She took the flowers, held them at arm’s length, then close. “They’re lovely! The first marigolds I have had since I left Wales.” She turned to a small framed drawing on the wall. “That was our house.”
He examined the picture — the low stone house with austere hills rising beyond it and, on the nearest, the ruin of the ancient monastery.
“what a place to live!” he exclaimed. “Scarcely a tree in sight. I’ll wager the winds were terrific.”
A wild smile flickered across Gemmel’s lips.
“They were. The greatest longing I had was to walk on the hills in the wind. Now that I’m better I hope to go back there some time and do what I longed to do.”
They went into the living room. He watched her free movements with approval. “It’s wonderful,” he said, “to see you like this. How does it feel?”
“I’m like someone who has waded in a little pool, and is now plunged into the ocean.”
“The ocean of matrimony too, I hear.” His smile was a little sardonic. “You wasted no time.”

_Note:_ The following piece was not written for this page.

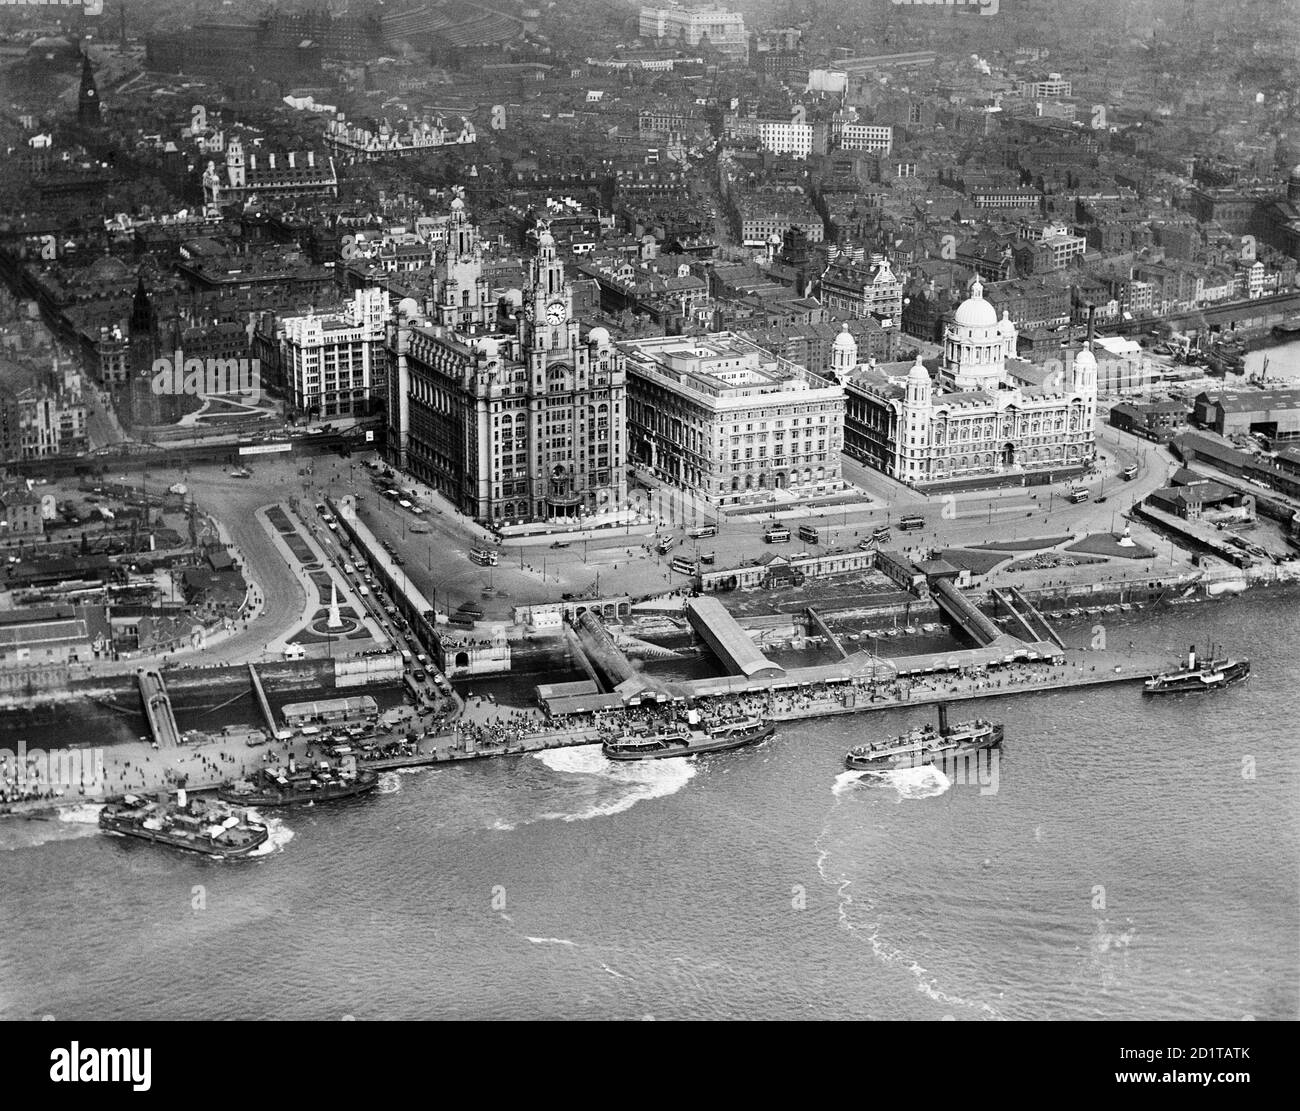 LIVERPOOL, Merseyside. Vista aérea de Liverpool Pier Head con numerosos transbordadores y pequeños barcos. Fotografiado en 1920. Colección Aerofilms (ver Enlaces). Foto de stock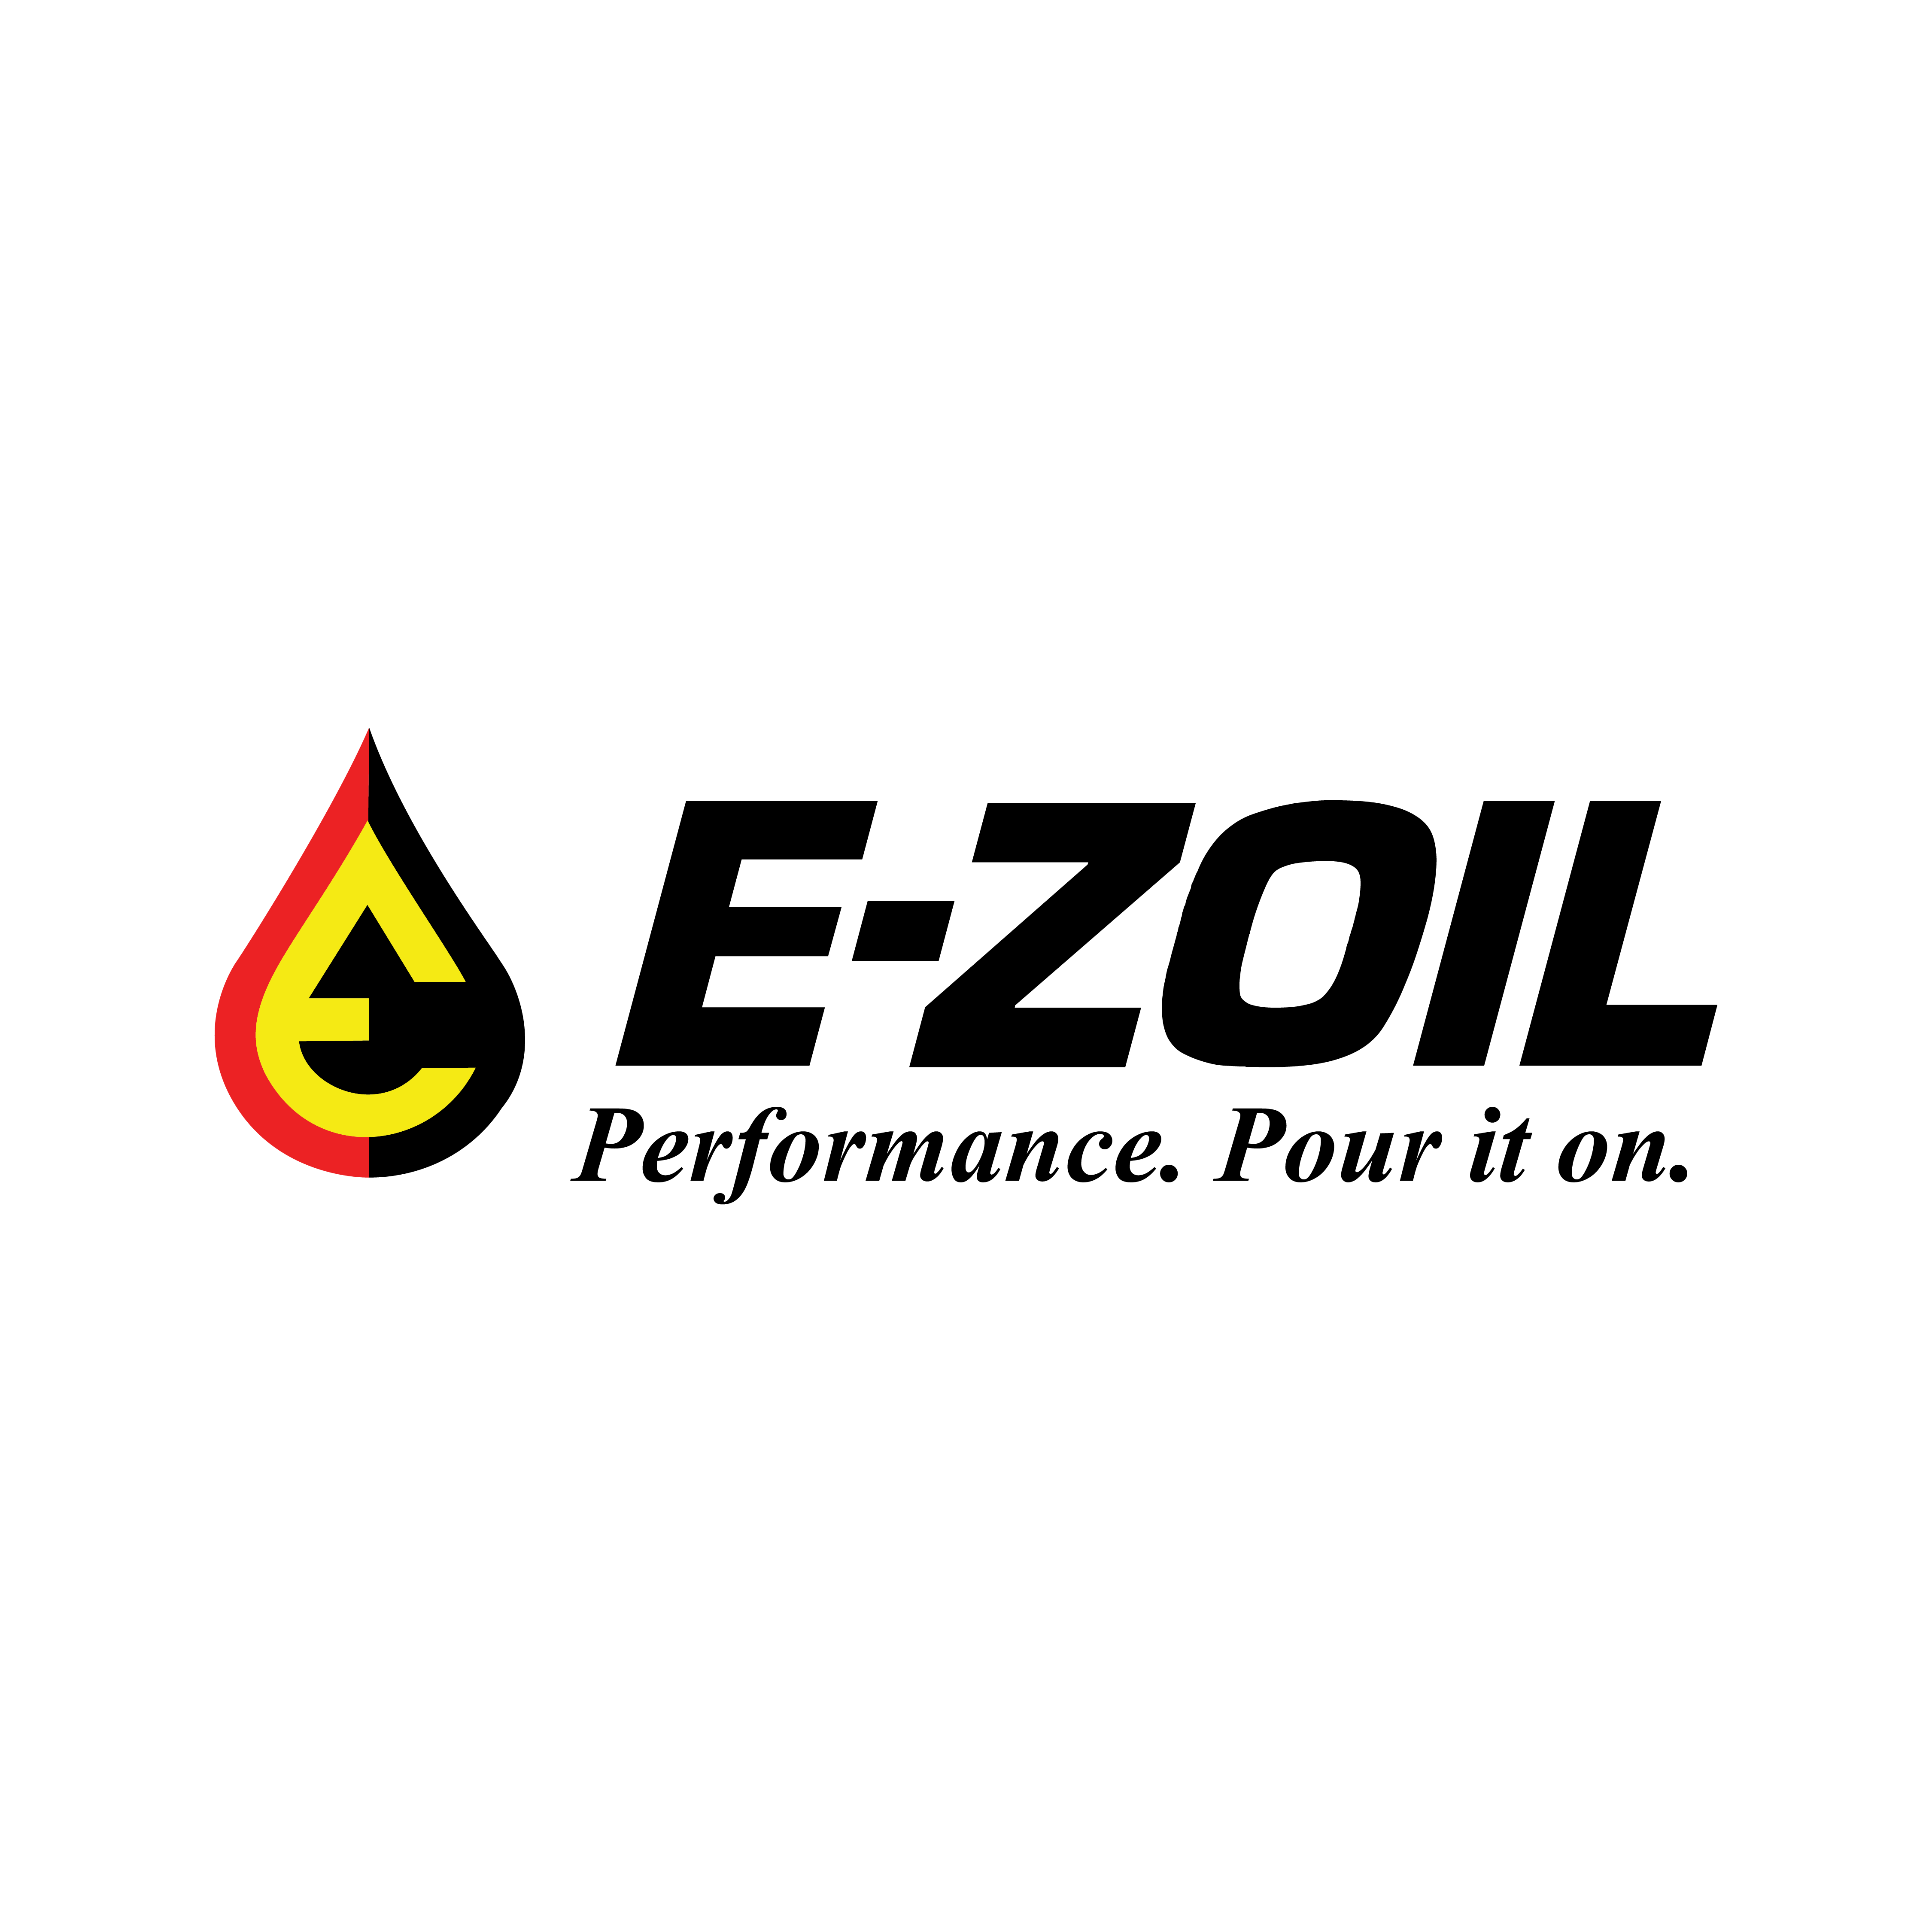 E-ZOIL Performance. Pour it on.

“I had wasted too much already,” she answered gravely.
“Well. My congratulations to Clapperton. And to you, on becoming mistress of Vaughanlands. It’s a lovely place.”
“Yes. It is.”
“I am sorry —” a frown corrugated his forehead — “that Clapperton seems bent on ruining it.”
She stared and repeated, “Ruining it!”
“Yes. This hair-brained scheme of a model village. It’s bound to ruin the property.”
“I don’t see why.”
He gave a short laugh. “It’s all right now and probably very amusing. But think of the future! In the natural course of things, you will outlive your husband by many years. That village will grow. It will get completely out of hand. God knows what sort of people will live there. Your property will depreciate in value every year. You’ll end by being glad to sell it at any price. I’m sorry about it for your sake.”
Never had she thought of this aspect of her engagement to Eugene Clapperton. Great as was the difference in their ages, the thought of outliving him, of a free, independent life without him, had never entered her head. Now it shone through her consciousness like a cold silver thread. She would be eternally grateful to Eugene. She loved him — in a thankful way — but this thought of mental and physical freedom — she almost forgot Renny Whiteoak’s presence in the contemplation of it.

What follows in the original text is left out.